Four Global Irish Economic Forums were hosted in Dublin between 2009 and 2015, bringing “influential Irish people” from across the world together to group think and advise the government. Among many initiatives was the creation of the Global Irish Network “to connect 350 of the most influential Irish people around the world and to bring them into dialogue with our government.” There was a core focus on developing the economy and the fora attendances were mostly made up of “economic stakeholders”.
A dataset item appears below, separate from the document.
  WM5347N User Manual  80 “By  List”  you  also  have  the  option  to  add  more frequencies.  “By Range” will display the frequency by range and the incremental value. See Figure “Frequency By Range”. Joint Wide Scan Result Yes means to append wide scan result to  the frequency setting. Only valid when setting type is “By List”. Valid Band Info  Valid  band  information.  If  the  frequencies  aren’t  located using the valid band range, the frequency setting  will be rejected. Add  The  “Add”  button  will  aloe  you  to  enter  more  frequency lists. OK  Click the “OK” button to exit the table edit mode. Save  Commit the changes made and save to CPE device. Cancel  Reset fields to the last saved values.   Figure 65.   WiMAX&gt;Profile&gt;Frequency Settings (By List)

In 2014 the post of Minister for the Diaspora was created and in March 2015 the first comprehensive statement of diaspora policy was produced: Global Irish: Ireland’s Diaspora Policy. The document presented a “vision” of “a vibrant, diverse global Irish community, connected to Ireland and to each other.” It was ambitious in rhetoric and broadened the impetus for diaspora engagement beyond economic development to cultural and civic outreach. Two Global Irish Civic Forums were hosted in Dublin, in 2015 and 2017, bringing together representatives of voluntary and civil society organisations dedicated to supporting the Irish diaspora around the world.
Ireland’s evolving diaspora policy has by and large sidestepped issues of enfranchisement while talking up “engagement”, “pluralism” and “inclusion”. In the diaspora policy document the “role of government” vis-à-vis the diaspora is said to “support”, “connect”, “facilitate” and “recognise” – all relatively passive terms common in the policy discourse of many governments as they seek to “engage” without being seen to direct state-diaspora relations. The “recognition” category in the document includes the Presidential Distinguished Service Award and the Certificate of Irish Heritage scheme, both meritorious but a long way short of a right to vote.
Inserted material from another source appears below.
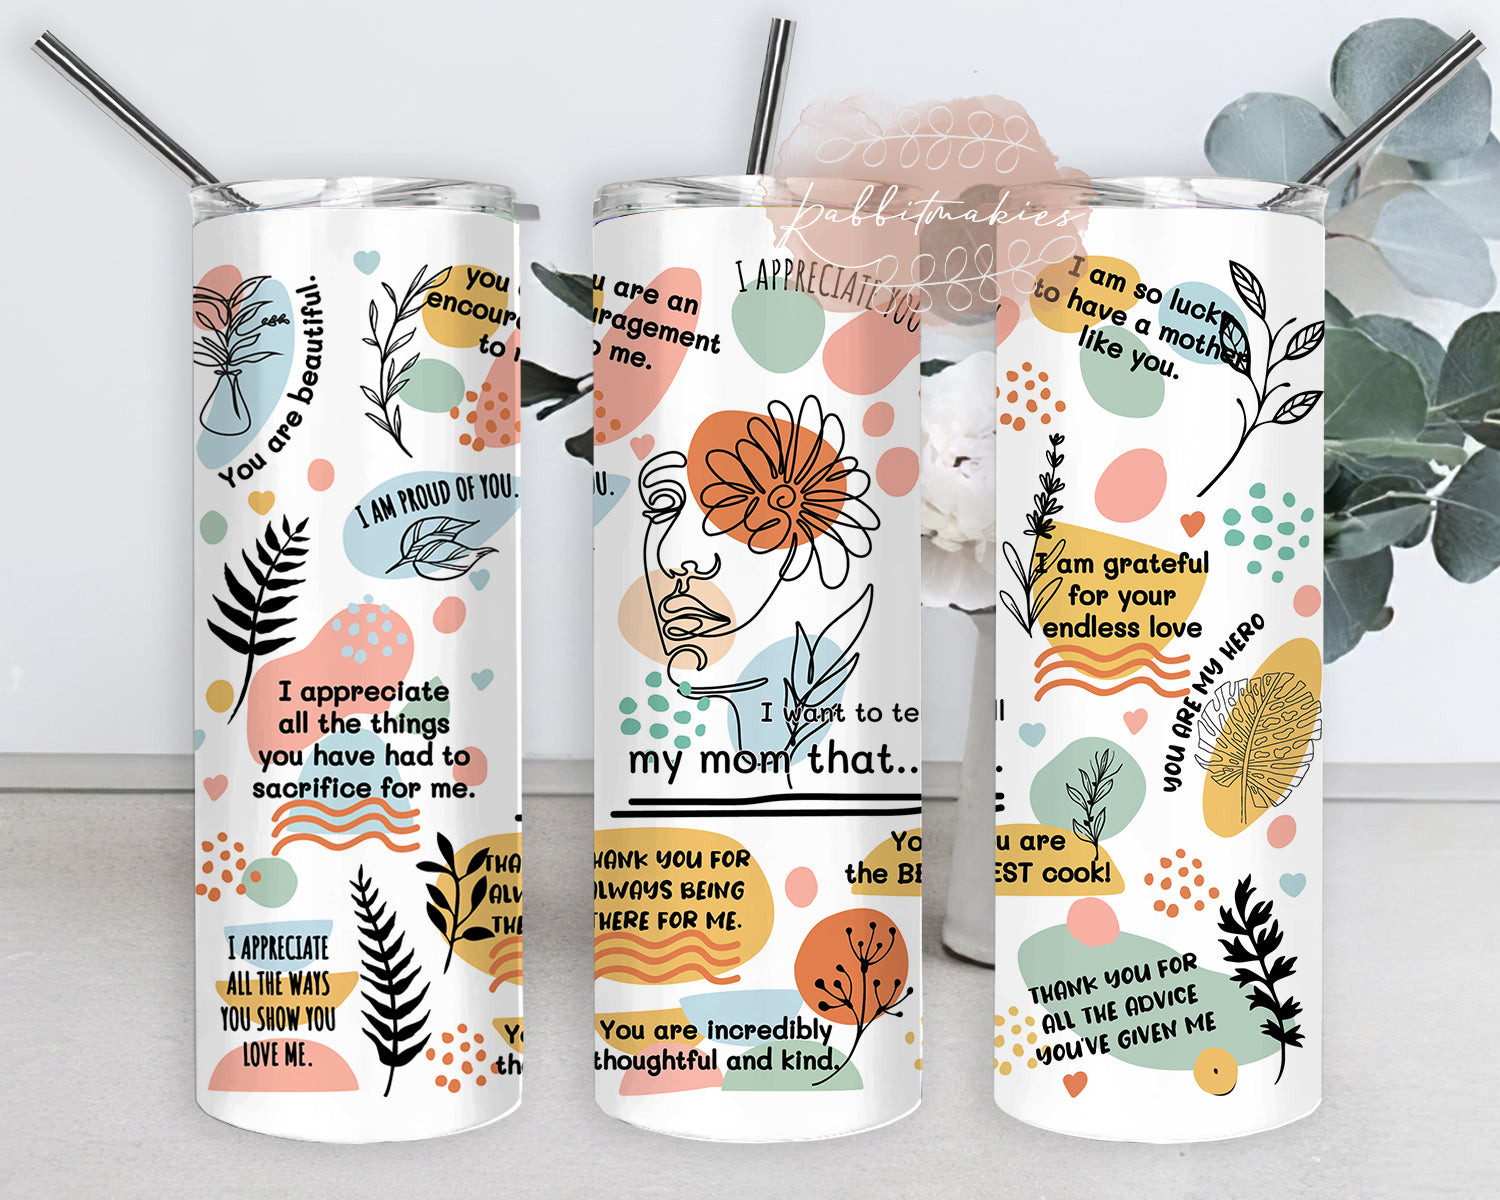 My Daily Workout Affirmations Tumbler 20oz - Positive Gifts

Ireland’s emigration policy reflects tensions in the relationship between the state, understood as the institutions of government within a bounded territory, and the nation, understood as an imagined transnational community. It is a relationship that is never seamless though political leaders often like to speak as though it is. At the heart of state-diaspora relations is an unresolvable tension about the meanings of the nation and of citizenship. Heartfelt rhetoric about belonging and inclusivity can founder on the reality of legal and economic exclusivity. When we think of Irish citizens abroad as a resource, a form of “human capital” in policy speak, we begin to lose sight of citizenship as a public good.
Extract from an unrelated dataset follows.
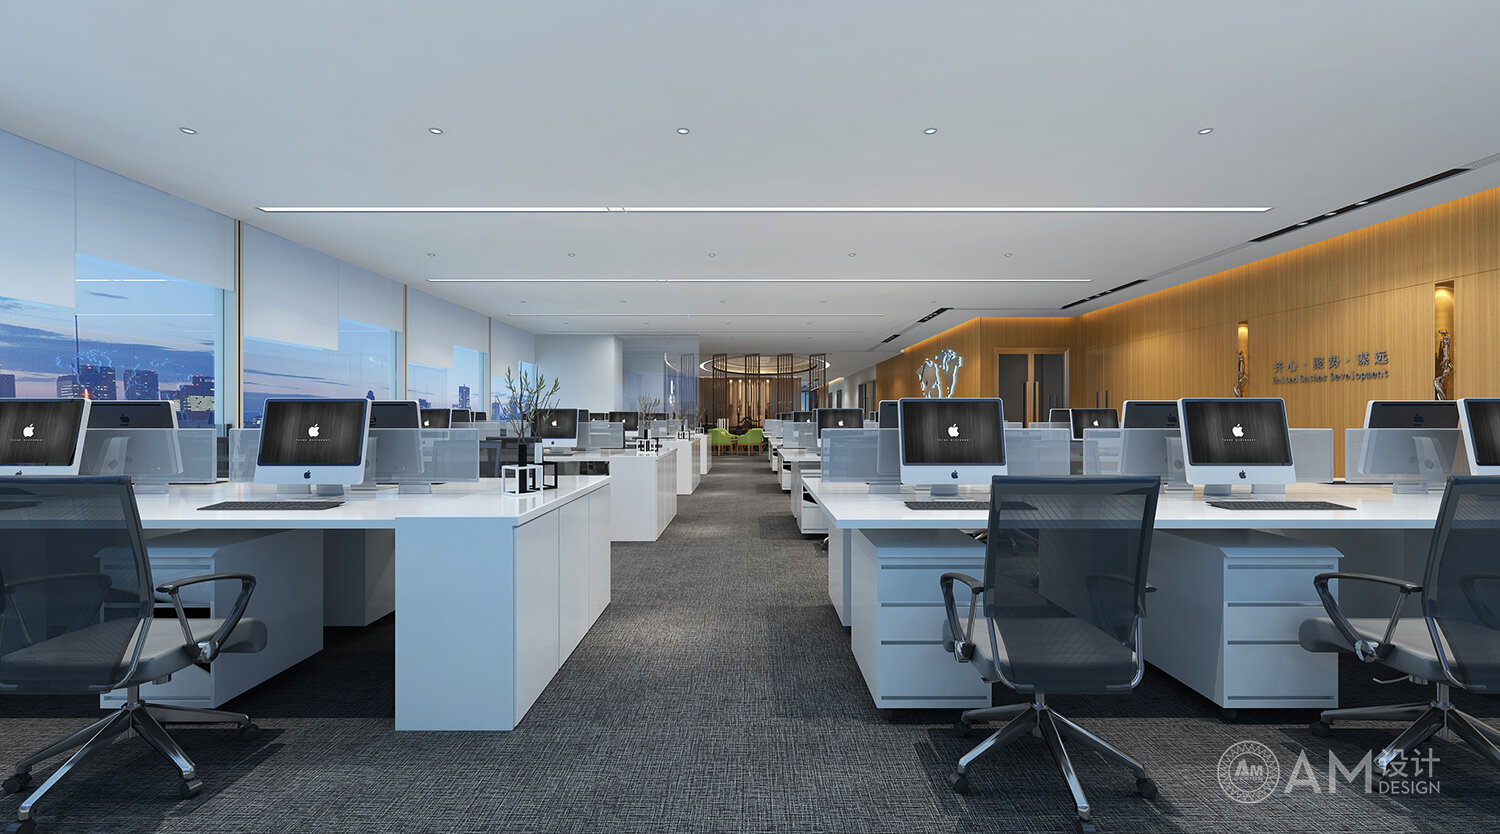 AM | Office area design of the headquarters office building of King Group

In 1995, addressing the Houses of the Oireachtas, then president Mary Robinson stated: “Our relation with the diaspora beyond our shores is one which can instruct our society in the values of diversity, tolerance, and fair-mindedness.” This proved a prescient observation ten years later as the referendum on same-sex marriage was charged by emigrant involvement.
The Global Irish policy document calls for a relationship “built on trust, respect and reciprocity” but there is some way to go in that building process. If Irish diaspora policy is to evolve in ways that more fully materialize Robinson’s vision of emigrants enriching our values of democratic citizenship, then the issue of enfranchisement must move from the silenced margins to the centre of diaspora engagement.